MEASUREMENT OF RETAIL CONCENTRATION AND VARIETY IN VERTICALLY-USED LARGE-SCALE RETAIL PROPERTIES
Tony ShunTe Yuo
ERES from European Real Estate Society (ERES)
Abstract:
One of the features of compact city is high density and more vertically-used of floorspaces. A multi-unit retail property is the agglomeration of retailers and service providers seeking maximum profit in an architecturally unified building or buildings. Owing to its consumer-oriented nature, the smoothness of pedestrian flows and the efficiency of space allocation are the major concerns for developers and operators. Thus the design of the shopper's circulation needs to consider product varieties, the purposes and behaviours of incoming consumers, and other operational issues. Normally, even with elevators and escalators, vertically movements for shoppers are advised to be avoided. This is because the higher the floor levels the less the motivation; and the higher the searching costs for shoppers. Therefore, the maximum number of floor levels in 148 UK regional shopping centres in 2002 is only 4 levels. However, it is difficult to prevent vertical use of retail buildings in precious central urban areas. In the existing 70 large-scale (over 300,000 sq ft.) shopping centres and department stores, these buildings are with 10 floor levels in average and two of the department stores even with 19 levels.

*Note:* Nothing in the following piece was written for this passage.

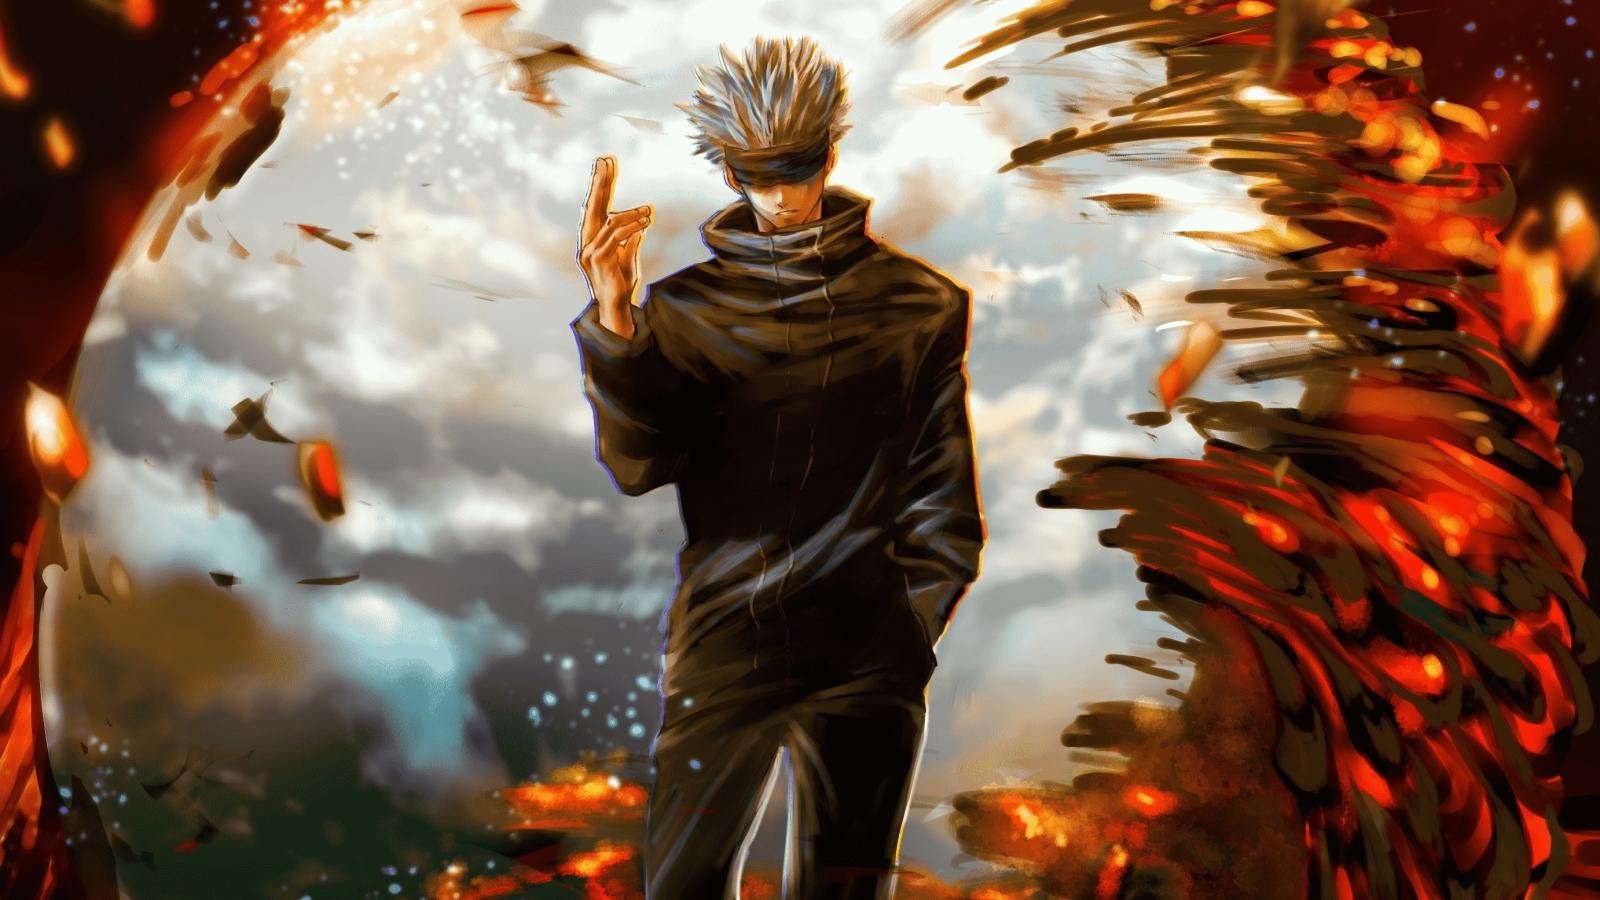 1600x900 Satoru Gojo Jujutsu Kaisen 1600x900 Resolution Wallpaper, HD Anime 4K Wallpapers ...
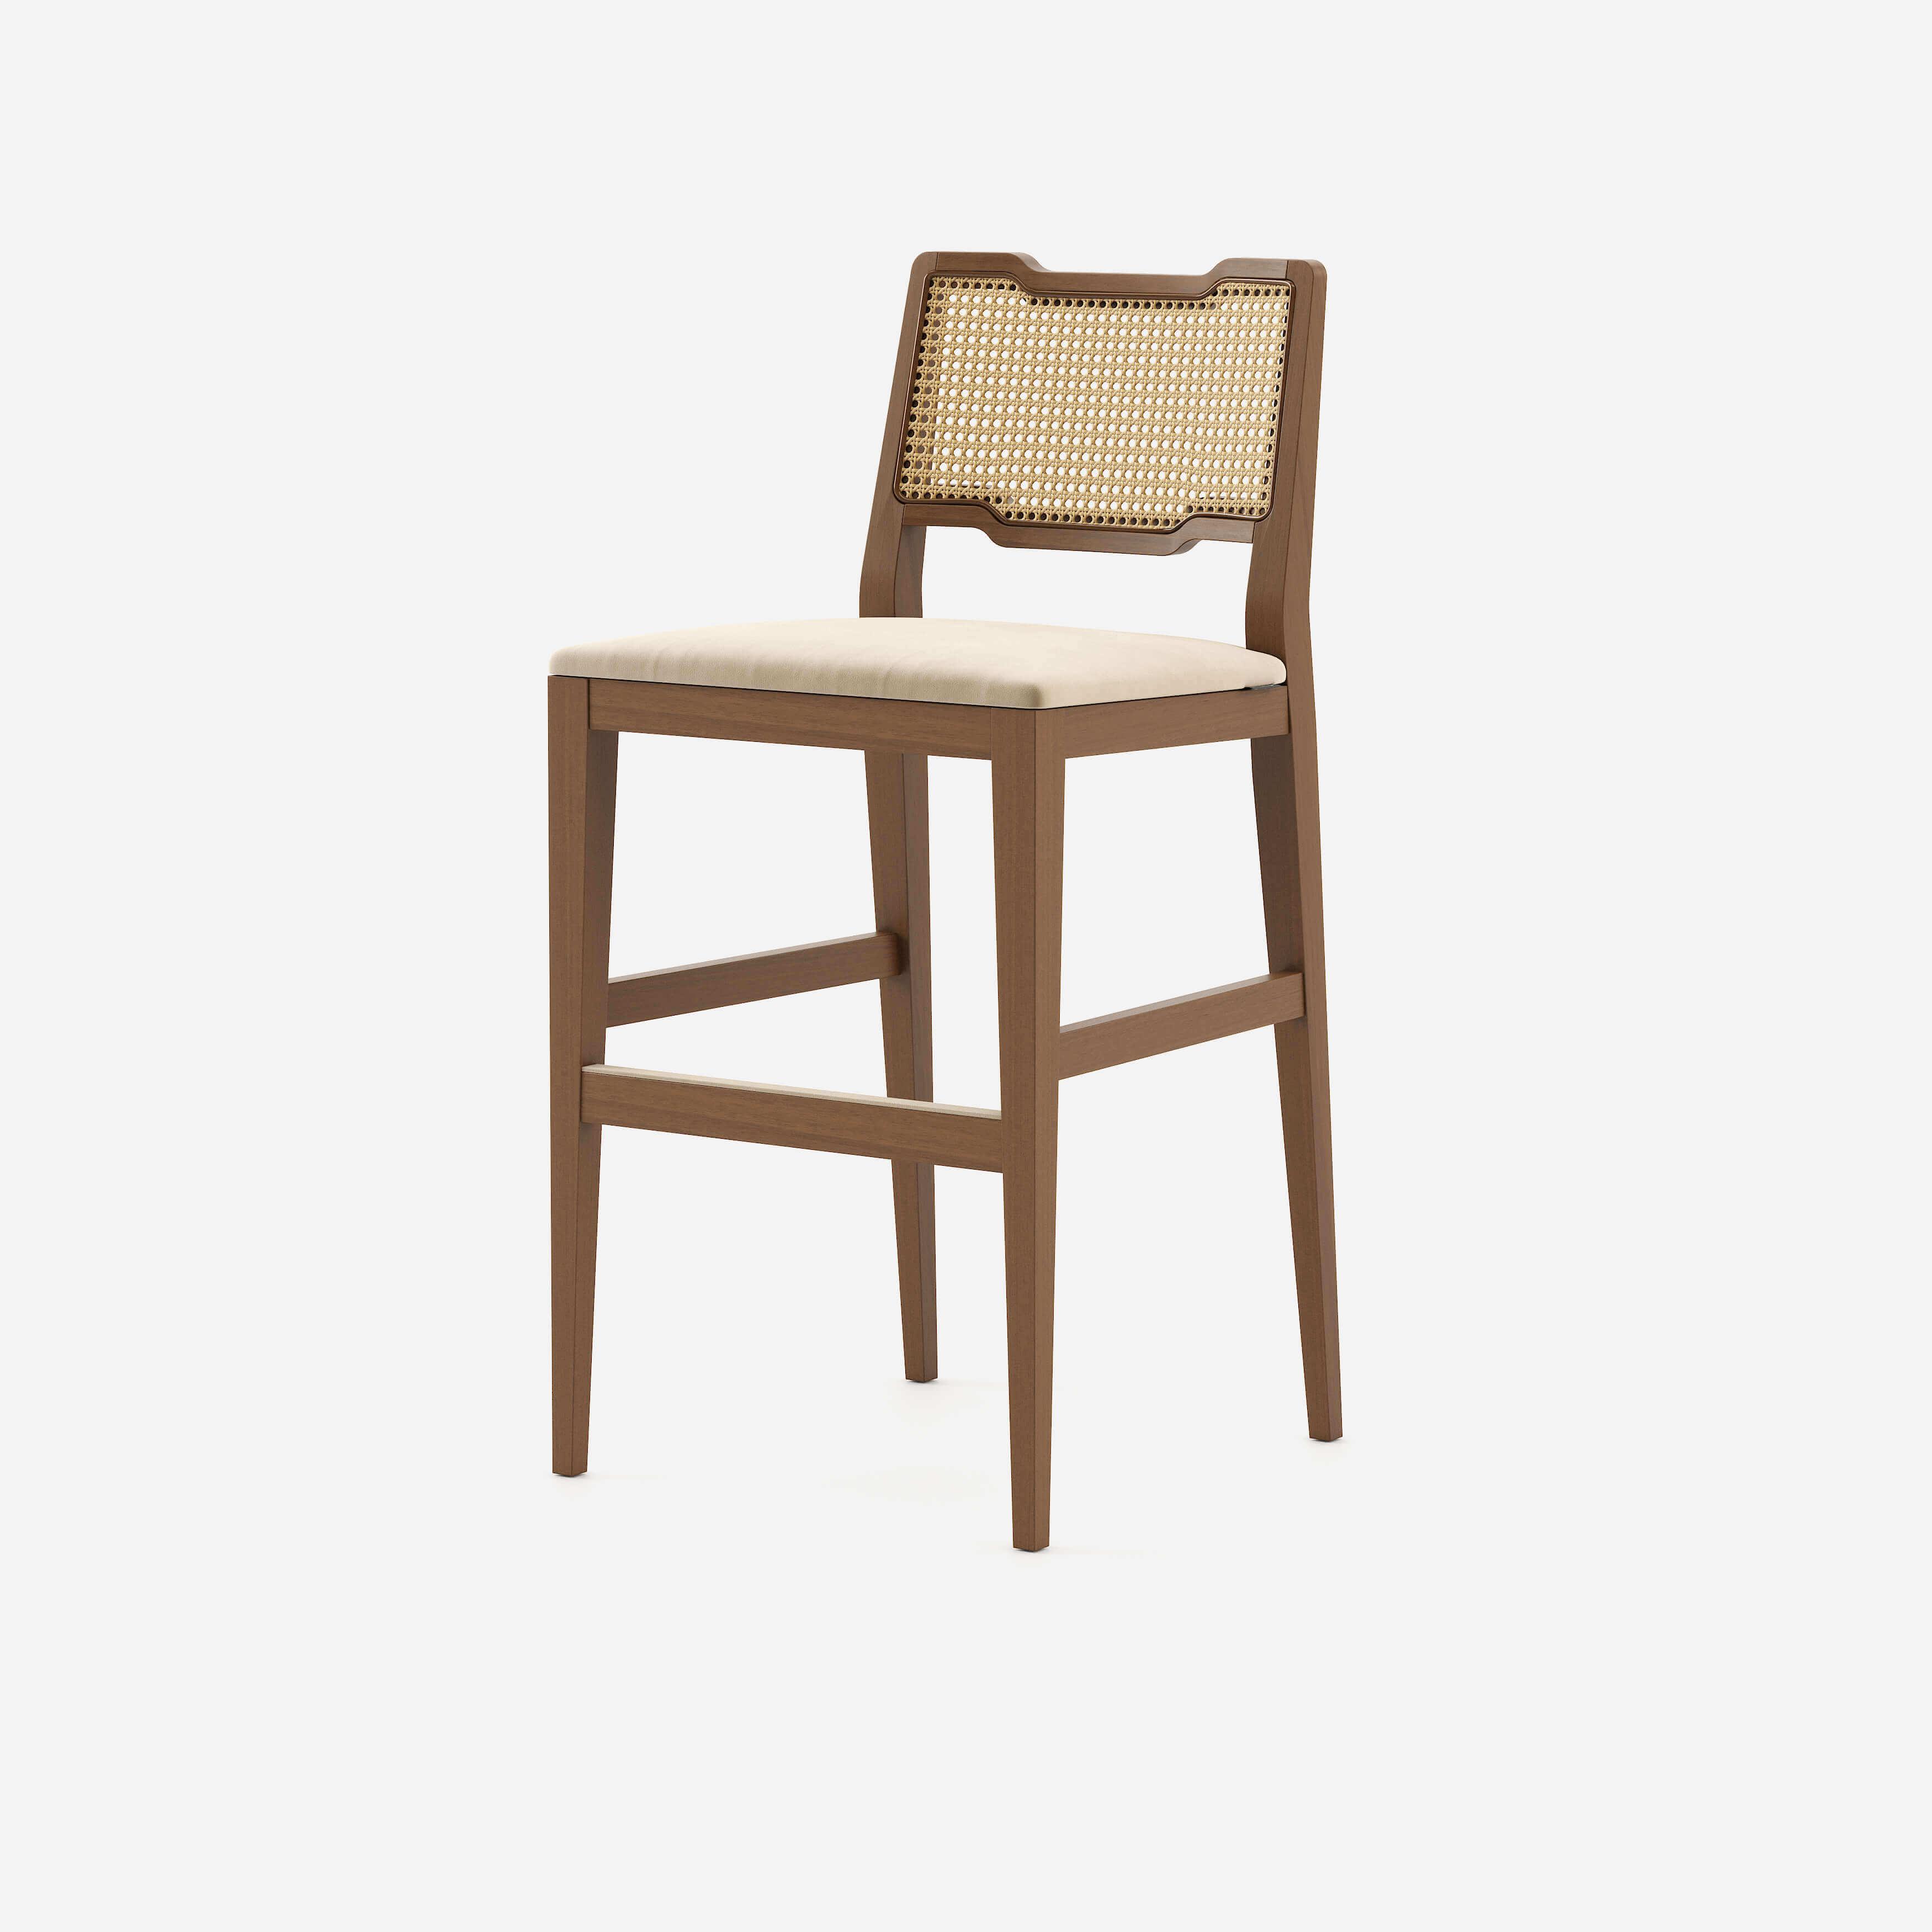 eva-bar-chair-interior-design-restaurant-bar-hotel-projects-cane-furniture-surface-domkapa-1

With the spatial data generated from GIS software, this paper aims to reveal the efficiency concerns of the usage of floorspace. And one of the reasons for departmentalizing of retail categories in these high-rise retail properties is to transform non-purposive shoppers into purposive and guided shoppers, which is an opposition from the dispersion result suggested by Carter and Haloupek (2002). The higher and more complex the building is, the more purposive and logical of product variety is needed for customer searching. Hence, retail concentration is a necessity in these properties.